Smooth Pinball Neural Network for Probabilistic Forecasting of Wind Power

TL;DR

This paper introduces a novel neural network approach with a smooth pinball loss for probabilistic wind power forecasting, improving quantile estimates and avoiding quantile crossing issues.

Contribution

It presents a new nonparametric neural network method combining a smooth pinball loss and a weighting scheme to enhance probabilistic wind power forecasts.

Findings

Outperforms benchmark models in quantile score and reliability.

Effectively prevents quantile crossing in probabilistic forecasts.
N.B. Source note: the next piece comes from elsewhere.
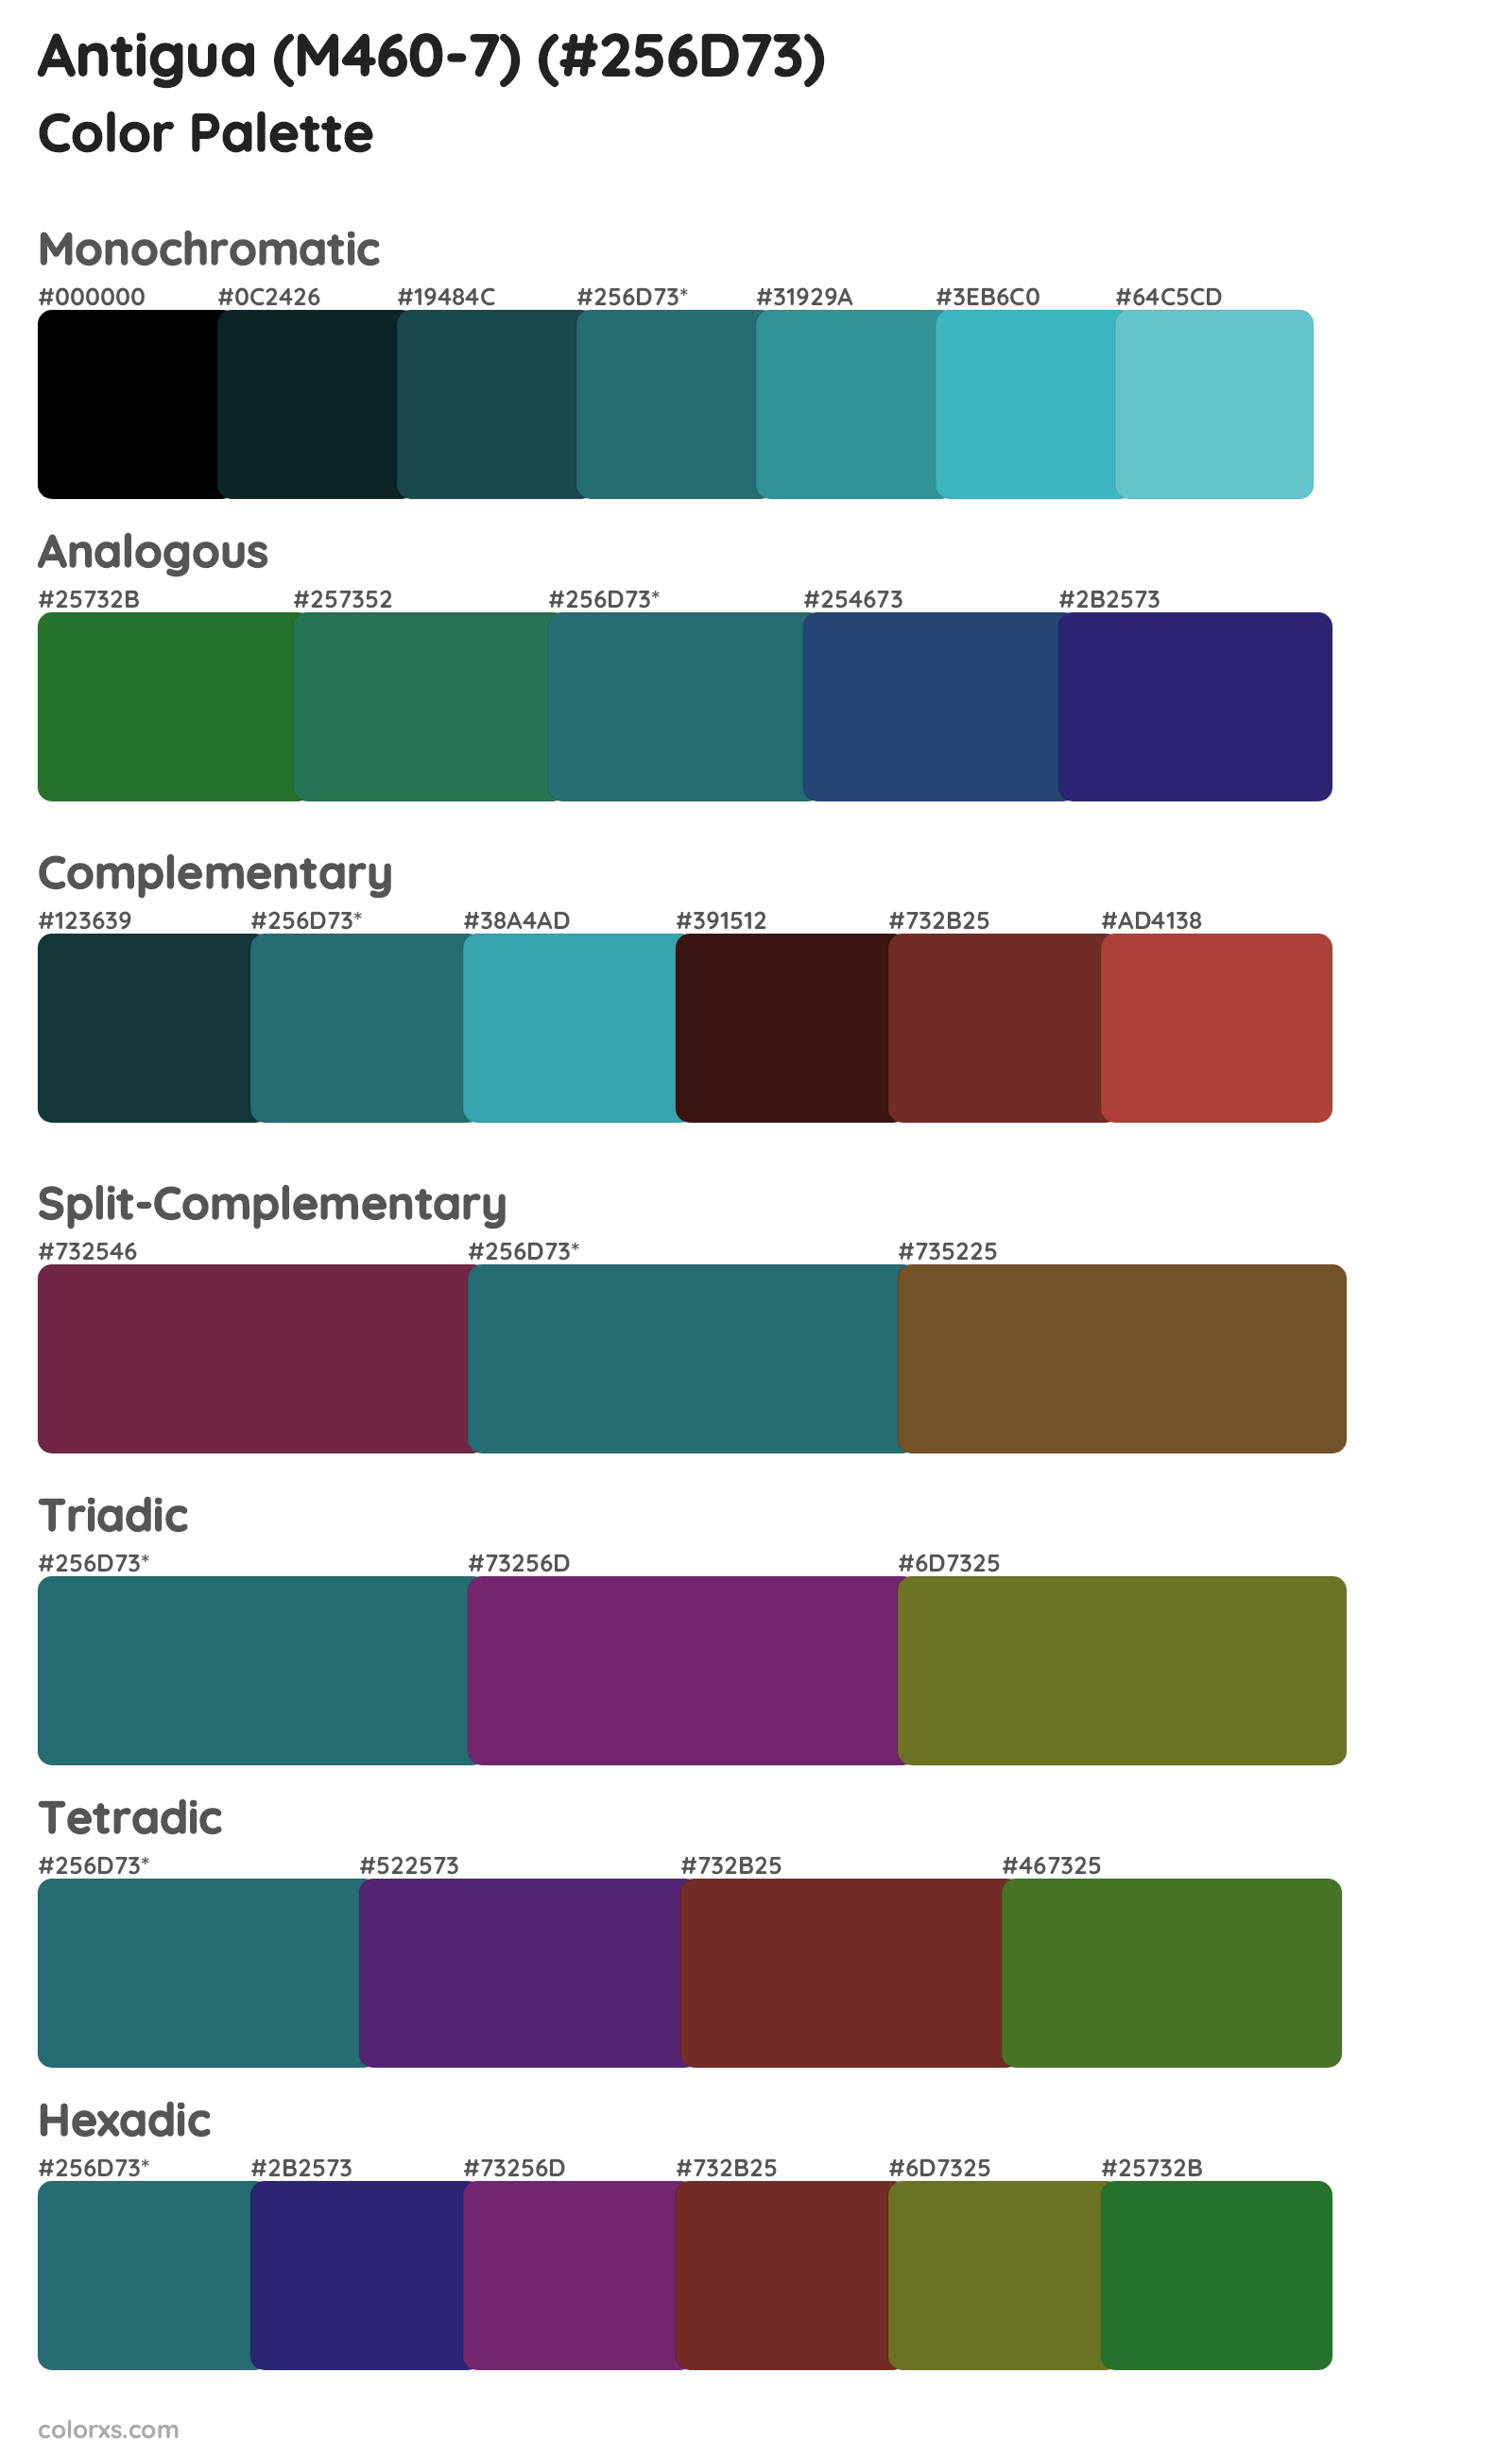 Antigua (M460-7) Color Scheme Palettes

Provides accurate prediction intervals for wind power.

Abstract

Uncertainty analysis in the form of probabilistic forecasting can significantly improve decision making processes in the smart power grid for better integrating renewable energy sources such as wind. Whereas point forecasting provides a single expected value, probabilistic forecasts provide more information in the form of quantiles, prediction intervals, or full predictive densities. This paper analyzes the effectiveness of a novel approach for nonparametric probabilistic forecasting of wind power that combines a smooth approximation of the pinball loss function with a neural network architecture and a weighting initialization scheme to prevent the quantile cross over problem. A numerical case study is conducted using publicly available wind data from the Global Energy Forecasting Competition 2014. Multiple quantiles are estimated to form 10%, to 90% prediction intervals which are evaluated using a quantile score and reliability measures. Benchmark models such as the persistence and climatology distributions, multiple quantile regression, and support vector quantile regression are used for comparison where results demonstrate the proposed approach leads to improved performance while preventing the problem of overlapping quantile estimates.